On a wall at the La Esperanza Coffee Growers Association in the Dominican Republic hang portraits of its past presidents. All are men, except for the last and most recent one, which features a woman: Santa Julia Carmona. The image illustrates who decides on access to resources and the benefits generated by coffee. “You have to stand in front of hundreds of producers, each with their own story, context, and challenges, and you have to withstand that pressure. That is not for just anyone,” she says.
Because in the coffee‑growing regions of the Dominican Republic, coffee is not just a crop. It is the livelihood of entire communities, and the opportunity to study and live with dignity. Additionally, it is the lever through which Dominican women are forging their way forward.
A real livelihood
Isabel Robles Amador is 77 years old and has ten children, most of them professionals. Coffee made that possible. “That is what we live on today, and with that, we help our children,” she says.
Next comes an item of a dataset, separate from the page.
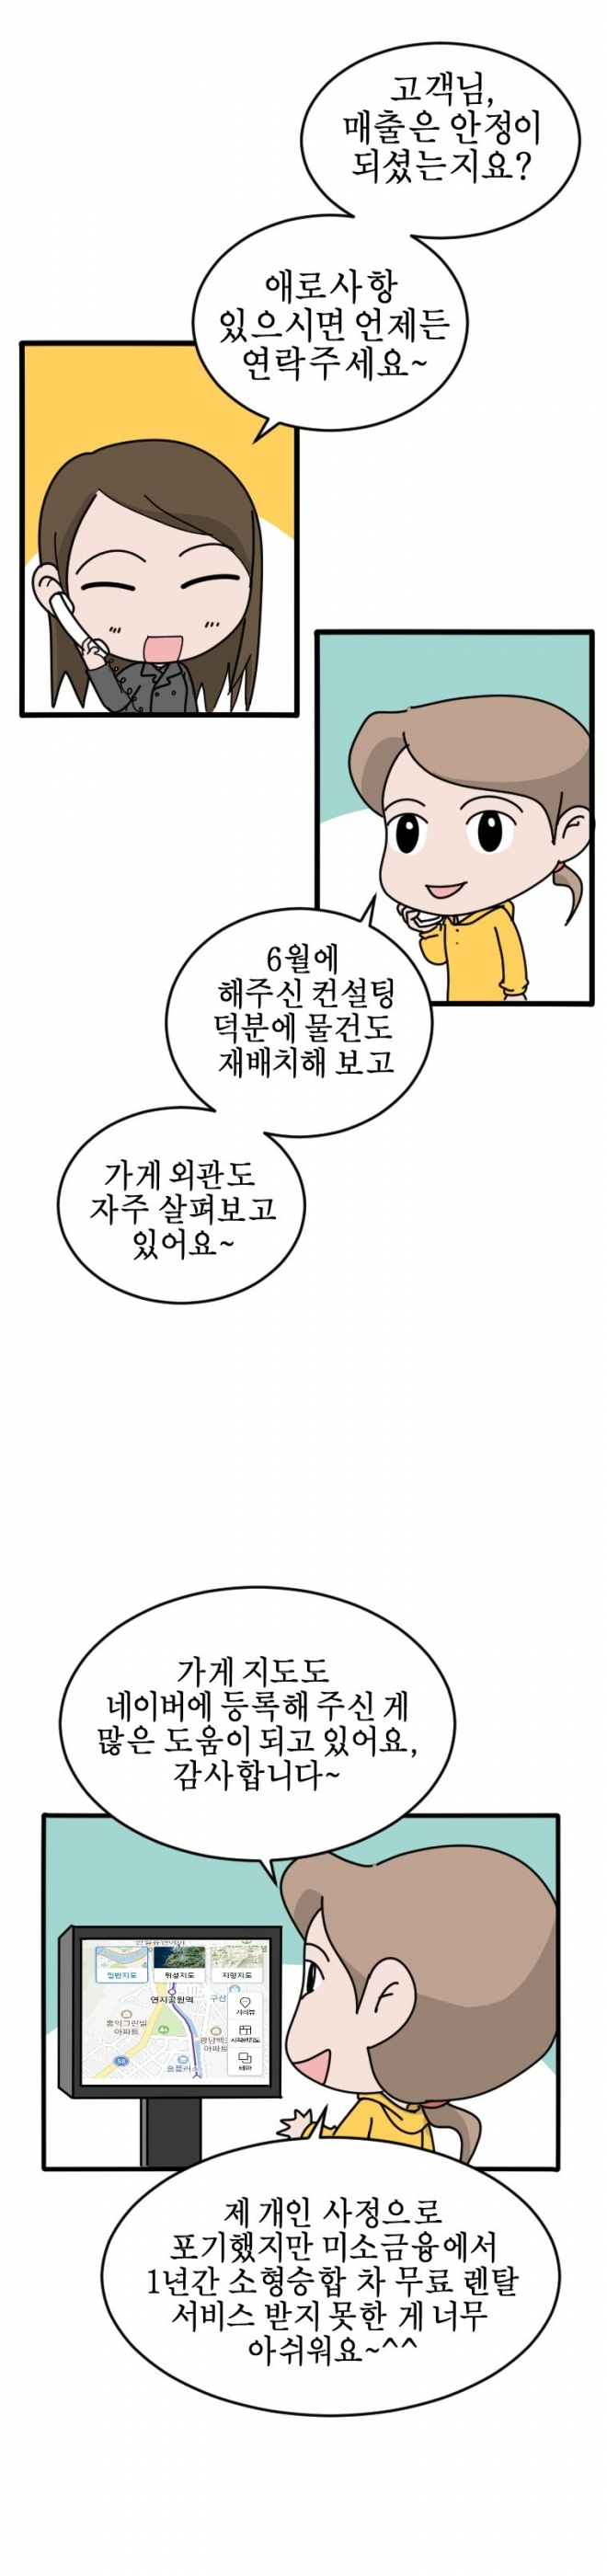 박지선씨의 이야기를 그린 웹툰 자몽 작가 제공

For Isabel, coffee growing has been the source of a real and independent livelihood.
However, she recalls that for years women worked throughout the entire value chain—harvesting, processing, coordinating labor, managing the household—without having access to any of the income it generated. “When the coffee was taken to be sold, it was as if women had no participation at all,” she recalls.
María Isabel Balbuena, founder of the Dominican Association of Women in Coffee, was one of the first to name this reality: “They worked throughout the entire chain. However, they were not owners, nor could they decide how to use the resources generated by coffee production. What they lacked was a voice.” Since then, she has spent three decades working to ensure that women are not only present in the value chain but also benefit from it.